Но если история показывает нам, насколько ценной была работа, проделанная в рамках системы кафолической иерархии для сохранения живого христианства на протяжении веков, она также свидетельствует о том, как в последующие века пророческий дух вновь заявлял о себе. Длинная серия ересей, от монтанистов во втором веке до фратичелли в четырнадцатом, или лоллардов и гуситов в пятнадцатом, вплоть до дней Реформации и анабаптистских пророков Мюнстера, дает нам доказательство того, как этот дух встречает глубокую нужду человечества и доказывает результат глубокого волнения души. Но внутри самой Церкви мы снова обнаружим, что дух пророчества не может быть изгнан, просто потому, что там всегда была истинная жизнь. И все же пророческий дар не идет по ортодоксальным каналам иерархии, а постоянно прорывается в новых и неожиданных местах, так что часто власти Церкви находятся в затруднении, имеют ли они дело со святым или еретиком. Тем, кто вне Церкви, канон иногда кажется достаточно странным, который [с. 52] заносит в один класс святую Терезу, в другой — мадам Гюйон, который после сожжения Савонаролы был почти на грани канонизации его, который низложил и изгнал Иоанна Пармского, а затем беатифицировал его. Пророческий дух, несомненно, часто находил свой выход в ранние века среди монахов пустыни, свидетель тому, например, такой святой, как Телемах, который положил конец гладиаторским играм в Риме; и в более поздние времена, сначала в бенедиктинском и последующих монашеских орденах, а затем, очень заметно, во францисканском братстве, он находил более свободные выходы, чем могла предоставить церковь того дня, в то время как жизни бесчисленных святых свидетельствуют о некоторых касаниях, по крайней мере, духа пророка, вновь заявляющего о себе, несмотря на оковы организации церкви. Если бы дар пророчества должен был быть связан с Божественно установленной иерархией, мы могли бы естественно ожидать его больше всего у пап. И все же за столько веков сравнительно немногие папы были канонизированы как святые, и немногие среди них заметны как проявляющие этот дар так, как мы видим его у такой простой женщины, как Екатерина Сиенская, или у простых людей, как Эгидий Перуджийский.

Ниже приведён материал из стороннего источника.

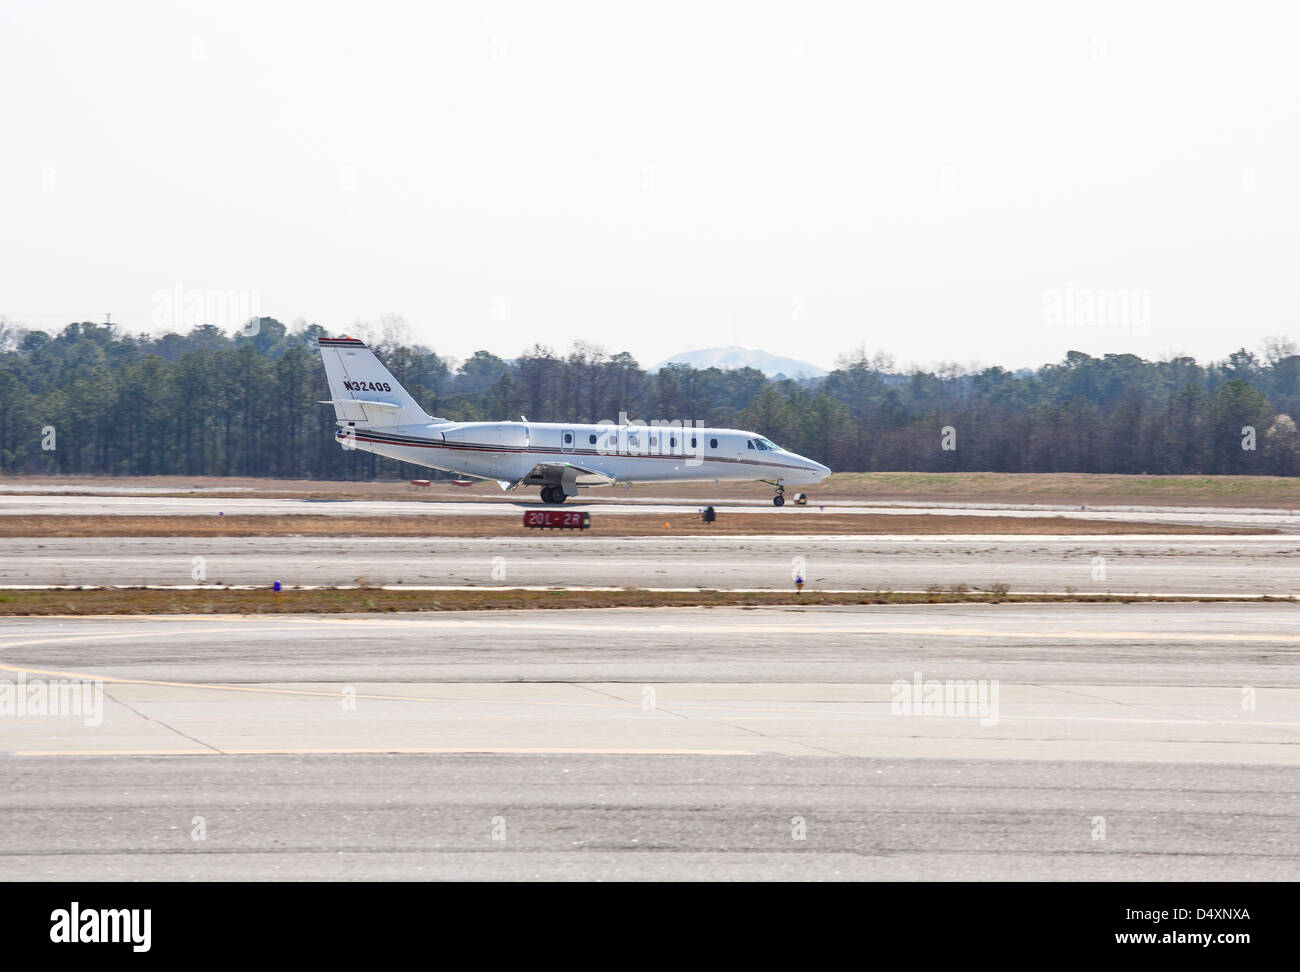 A white Cessna Citation turbo-fan jet taxiing down a runway at a regional airport Stock Photo

В наши дни благочестивый католик, такой как Фогаццаро, изобразил для нас путь, которым истинный пророк может возникнуть в лоне Церкви, только чтобы встретить препятствия со стороны властей и, наконец, преследование, заканчивающееся почти мученичеством. И все же та книга, которая, несмотря на [с. 53] папский запрет, нашла такую теплую поддержку и пробудила такой живой интерес в католической Италии, свидетельствует о глубокой тоске (которую многие в Англии, несомненно, разделяют), которая существует внутри ортодоксальной Церкви по глубокому духовному служению, которое признанные власти не всегда предоставляли, по откровению новой истины, чтобы встретить нужды нашего дня, по свежему раскрытию смысла евангелия Христова, которое вновь обратится с апостольской силой к сердцам людей.

Два столетия назад ранние квакеры чувствовали, что познали такой опыт, и пытались передать его другим. Нужно ли нам удивляться, если окажется, что Общество Друзей сегодня унаследовало их традиции, но не их дух? Ибо, действительно, пророческий дух никогда не может быть унаследован или передан от человека к человеку каким-либо механическим устройством. Он должен приходить заново из поколения в поколение, часто после тяжелейших мук души, через свежие стремления, как результат других нужд; но мы можем, по крайней мере, видеть, что наше устройство, будь то церковной жизни или нашей собственной, таково, чтобы не препятствовать его приходу, а готовить нас к нему.

И не последним из такого наследия была форма поклонения и взгляд на жизнь, которые могут все еще дать не только маленькой общине, но и более широкому миру школу пророков.

Когда мы видим слабую сторону квиетизма и ошибки мистиков более раннего дня (как сейчас мы [с. 54] так склонны делать), давайте не будем забывать, что посреди квиетистского квакерства восемнадцатого века вырос и расцвел один из самых прекрасных продуктов не только квакерского, но и христианского воспитания; для многих из нас сегодня Джон Вулман говорит, как немногие другие, с силой истинного пророка. И все же слишком часто в прошлом Общество Друзей довольствовалось чередой малых пророков, чье послание было только для маленькой общины. Снаружи было множество тех, у кого не было священников или пастырей, и народов, нуждающихся в поводыре. Сегодня, если мы не можем сделать учителей, подобных Вулману, по крайней мере, мы можем подготовить путь для их прихода.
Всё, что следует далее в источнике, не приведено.